[Start of Attachment]

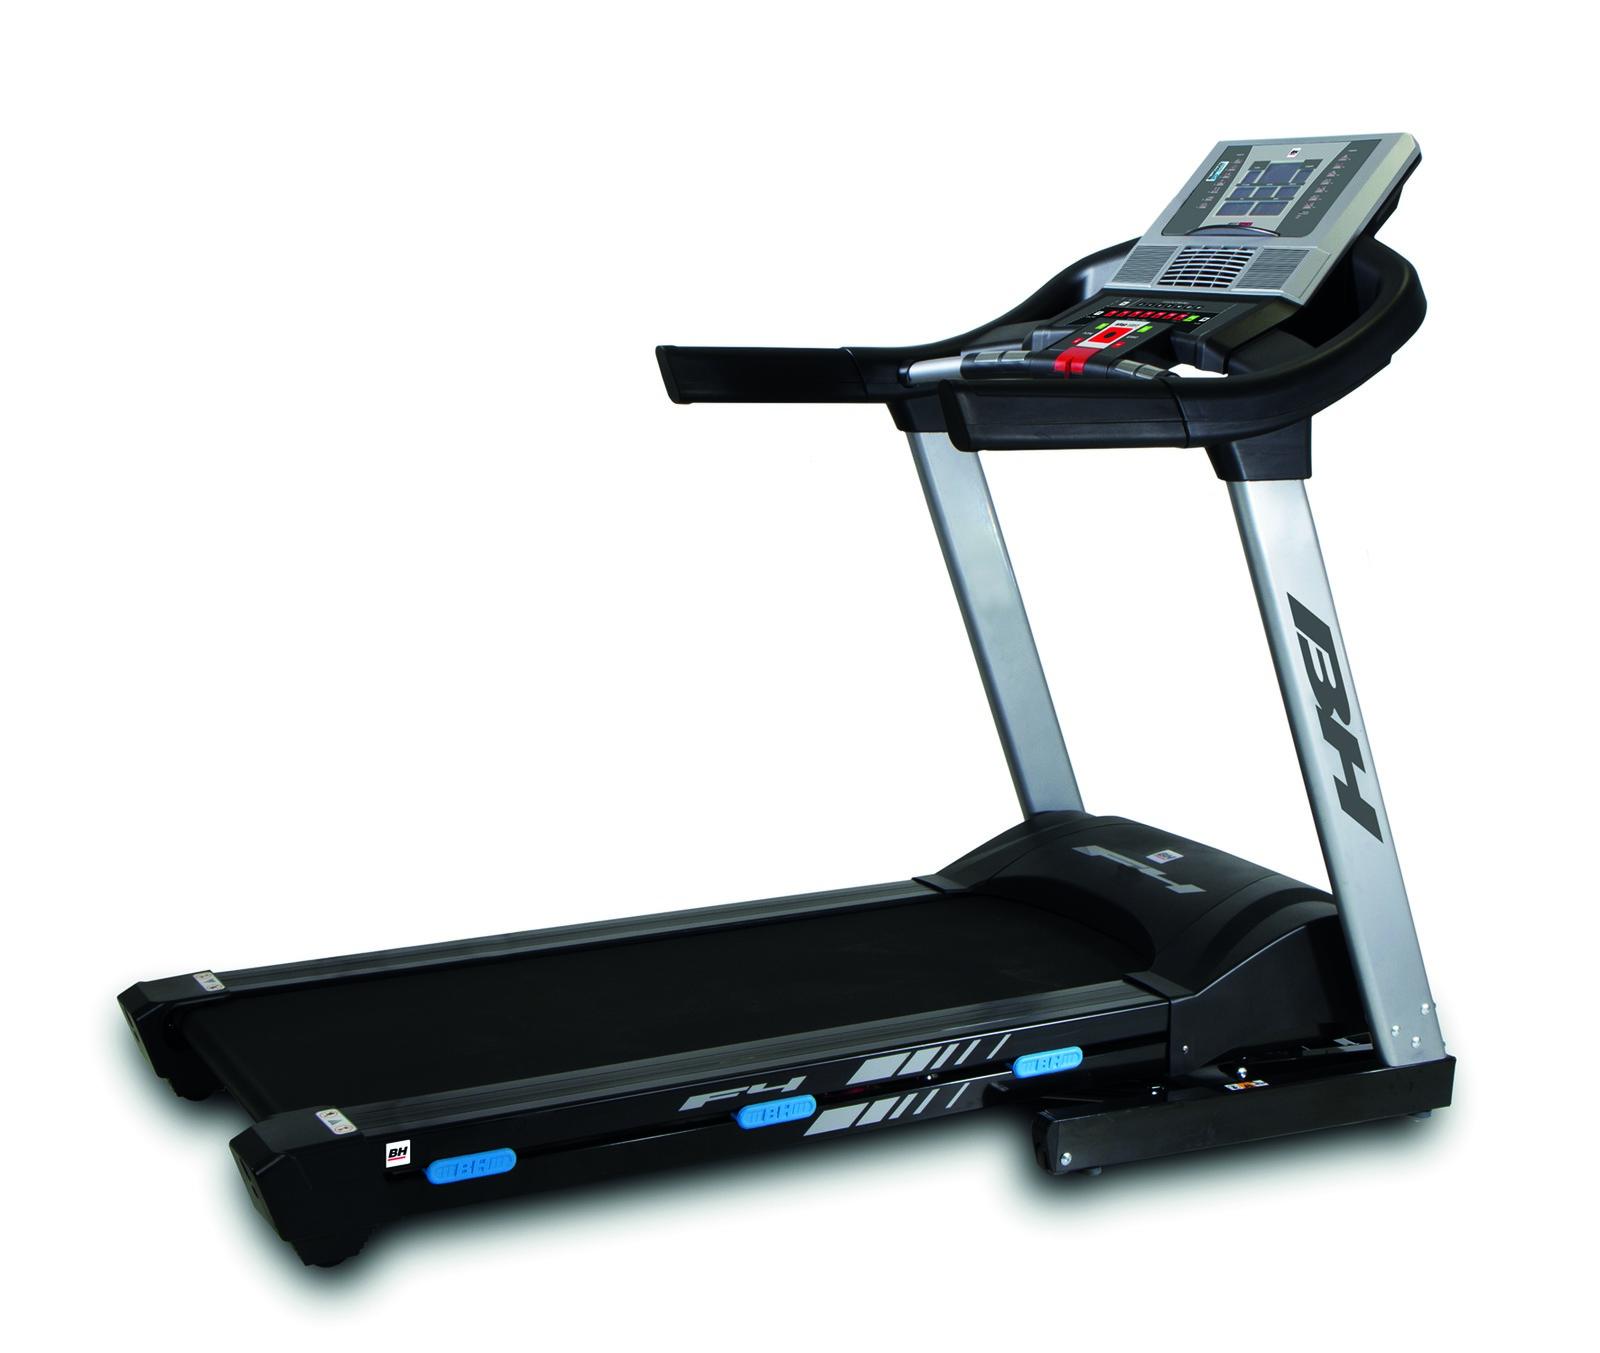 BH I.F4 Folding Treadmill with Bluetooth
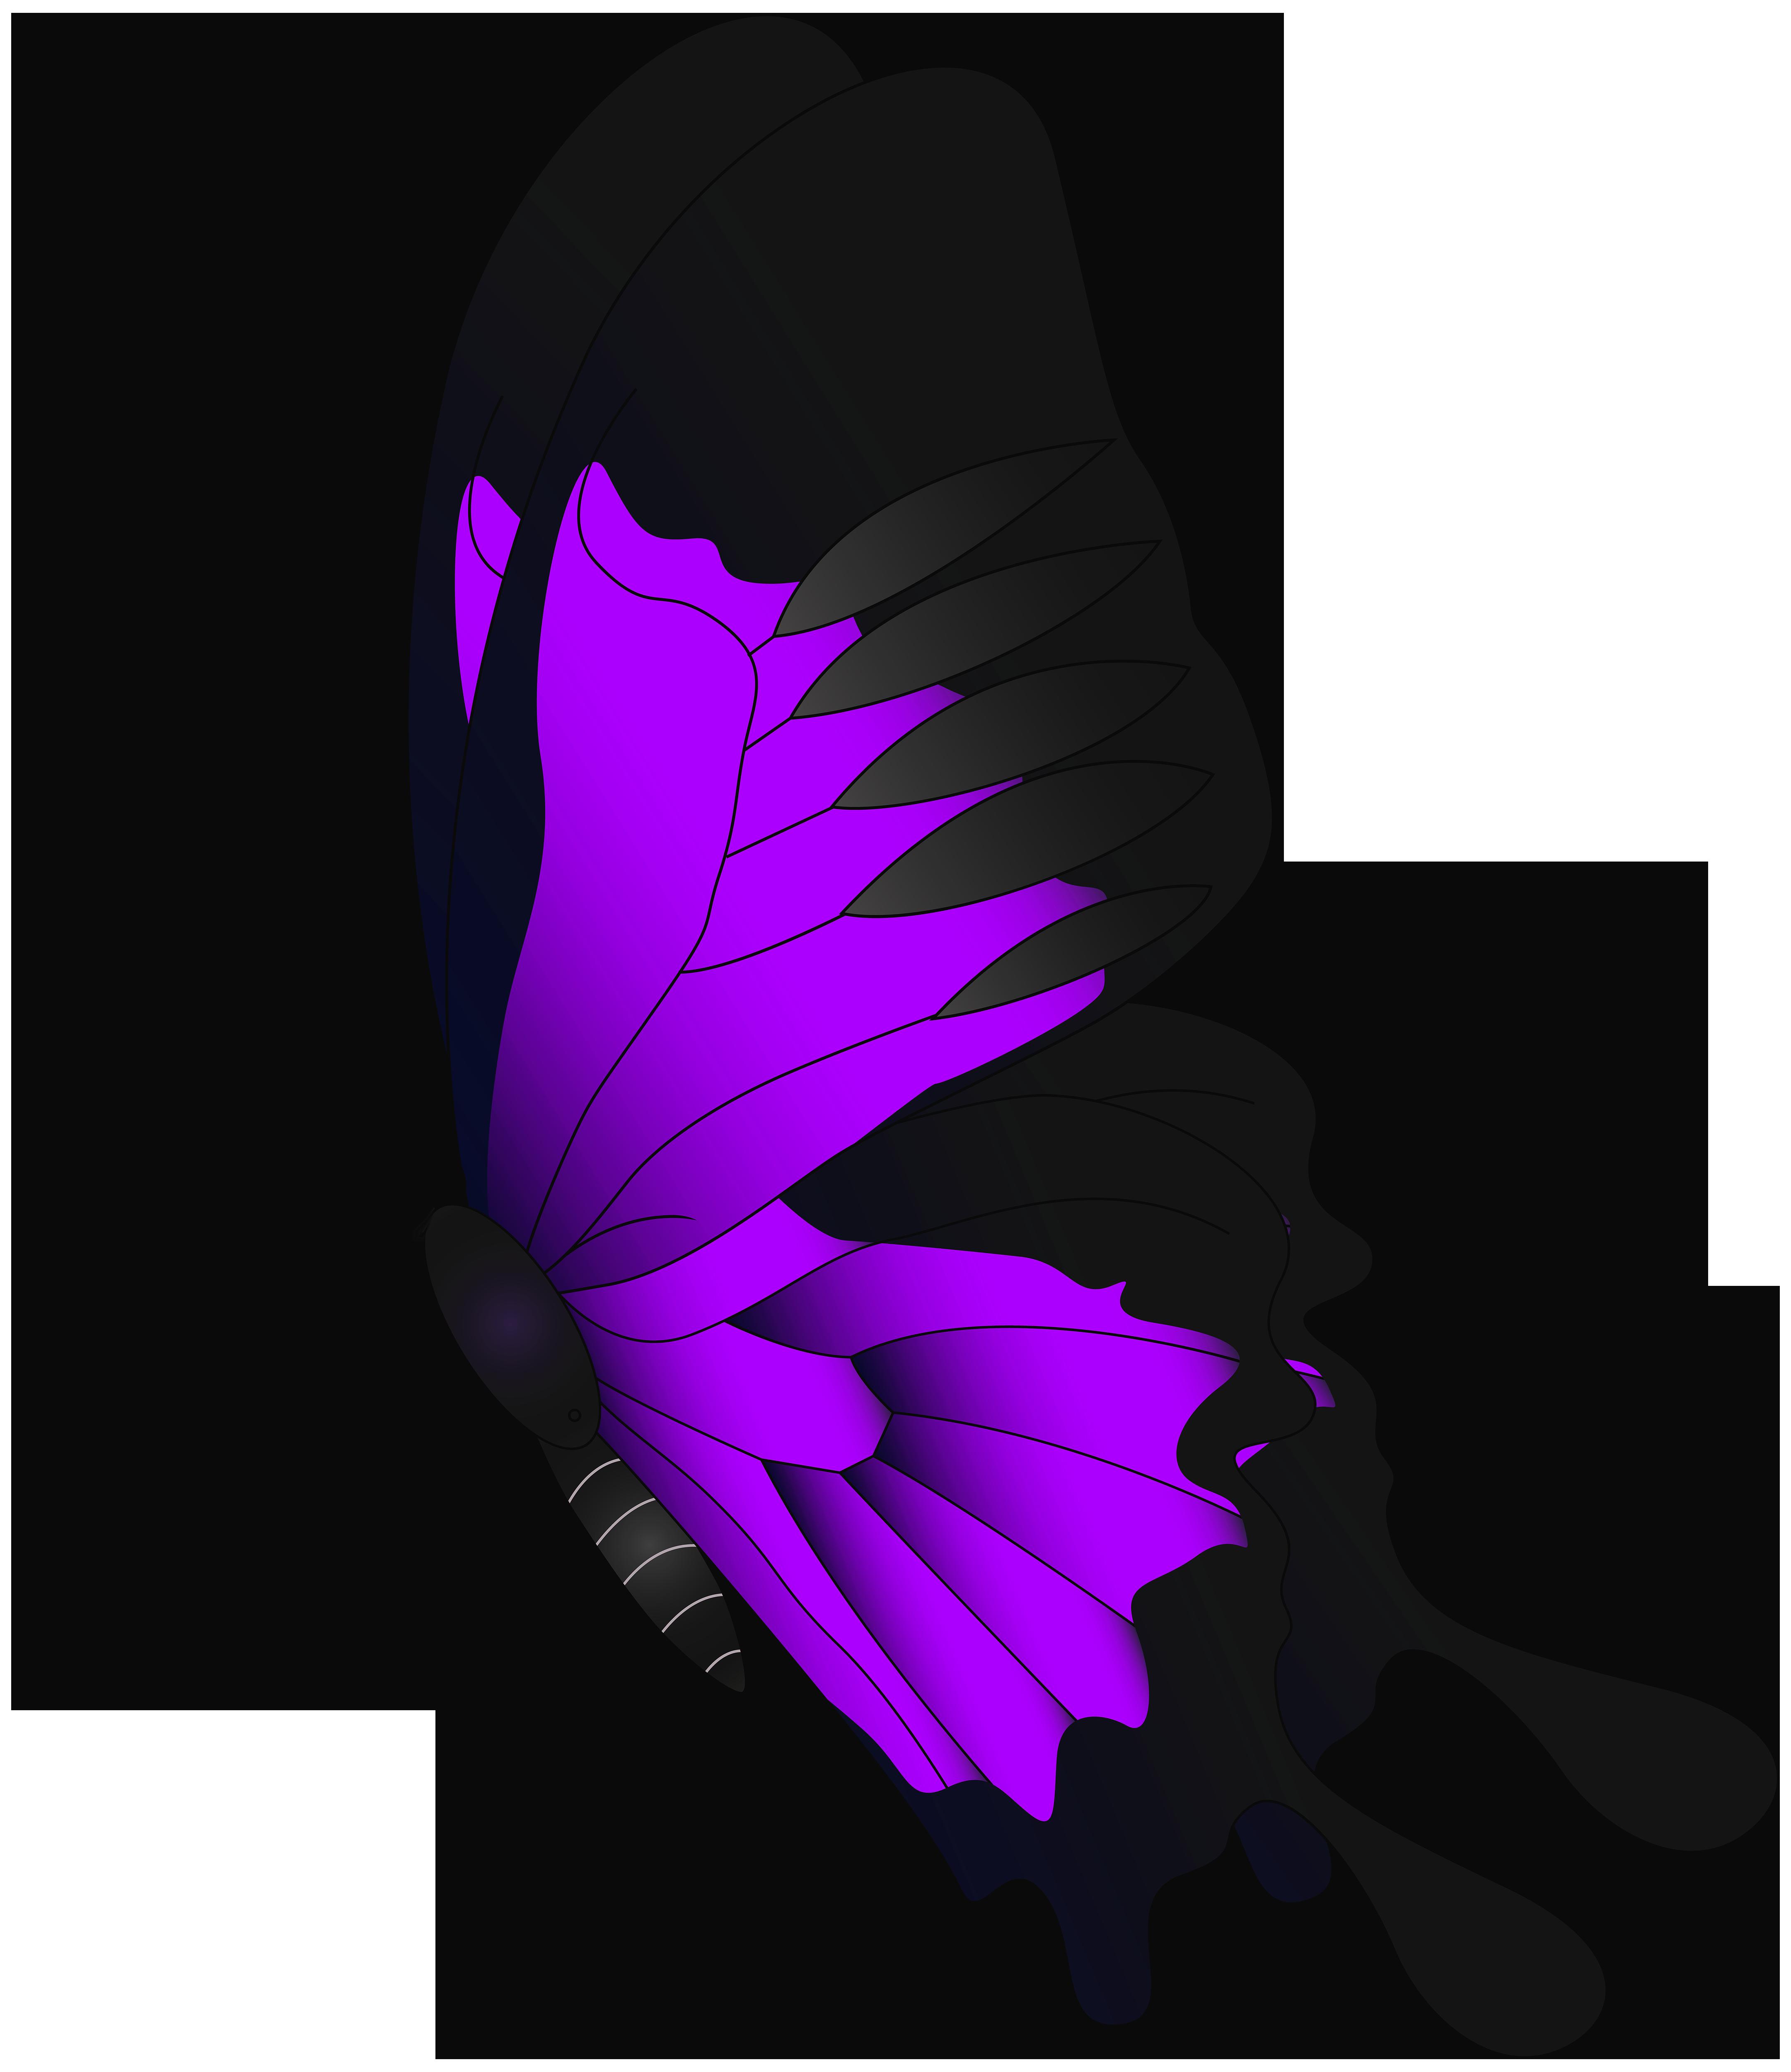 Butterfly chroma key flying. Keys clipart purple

[End of Attachment]
[Start of Attachment]

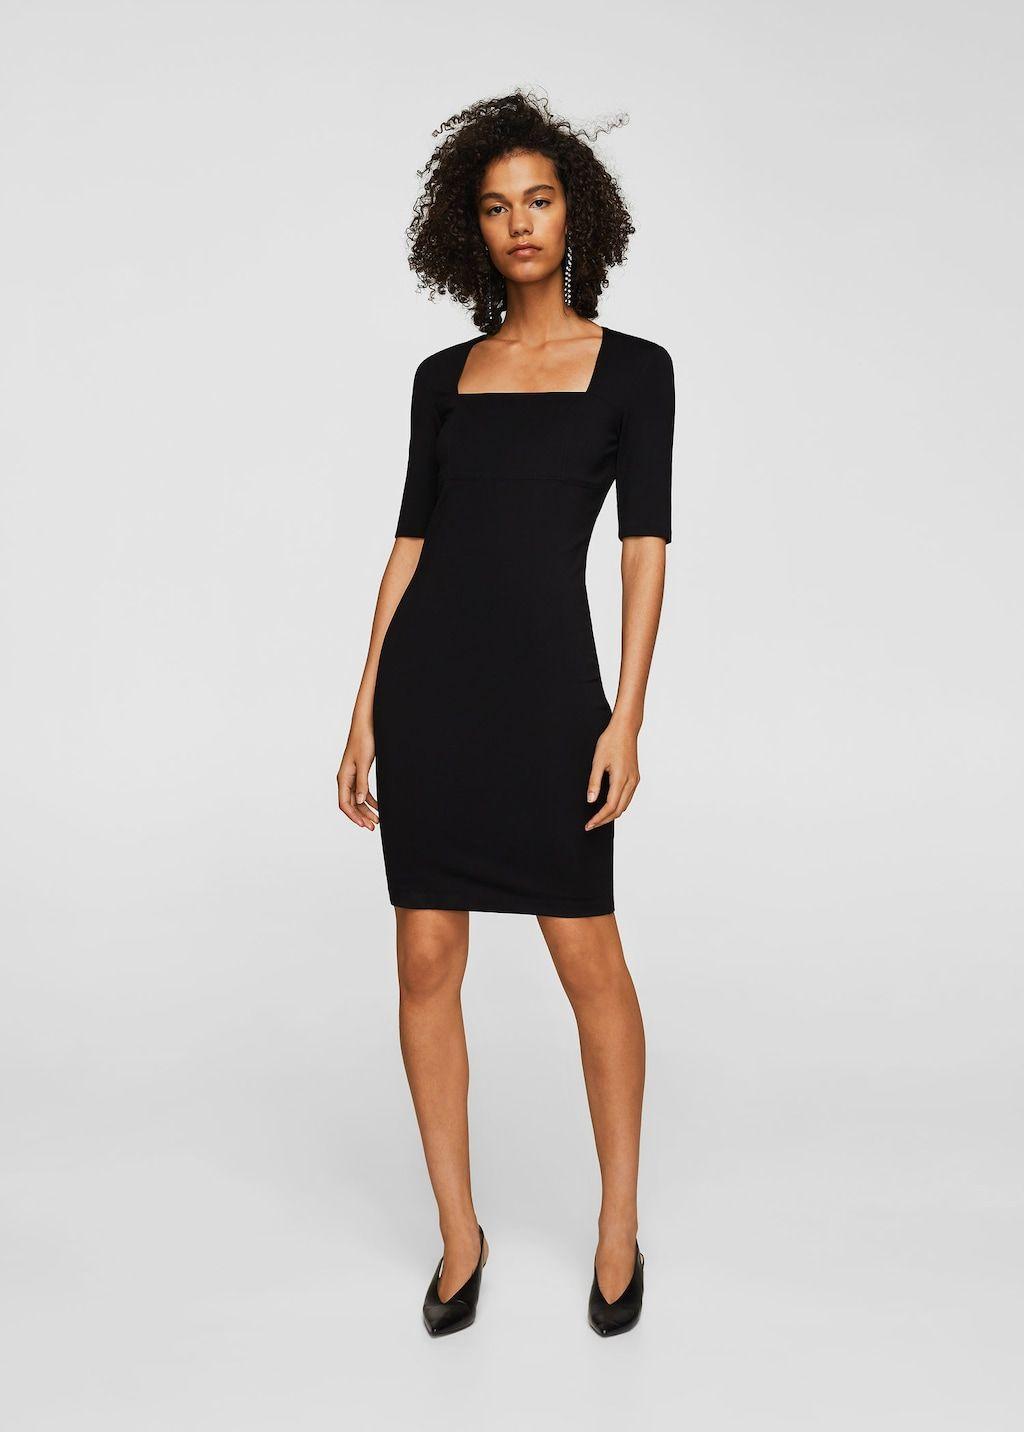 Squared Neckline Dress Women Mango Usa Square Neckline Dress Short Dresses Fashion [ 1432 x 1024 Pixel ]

[End of Attachment]

#### Work request
What is needed is an exact copy of only the lines above from the one with "BH I.F4 Folding Treadmill with Bluetooth" to the one with "Butterfly chroma key", both kept, with every picture left out.

#### Answer space
 BH I.F4 Folding Treadmill with Bluetooth
 Butterfly chroma key flying. Keys clipart purple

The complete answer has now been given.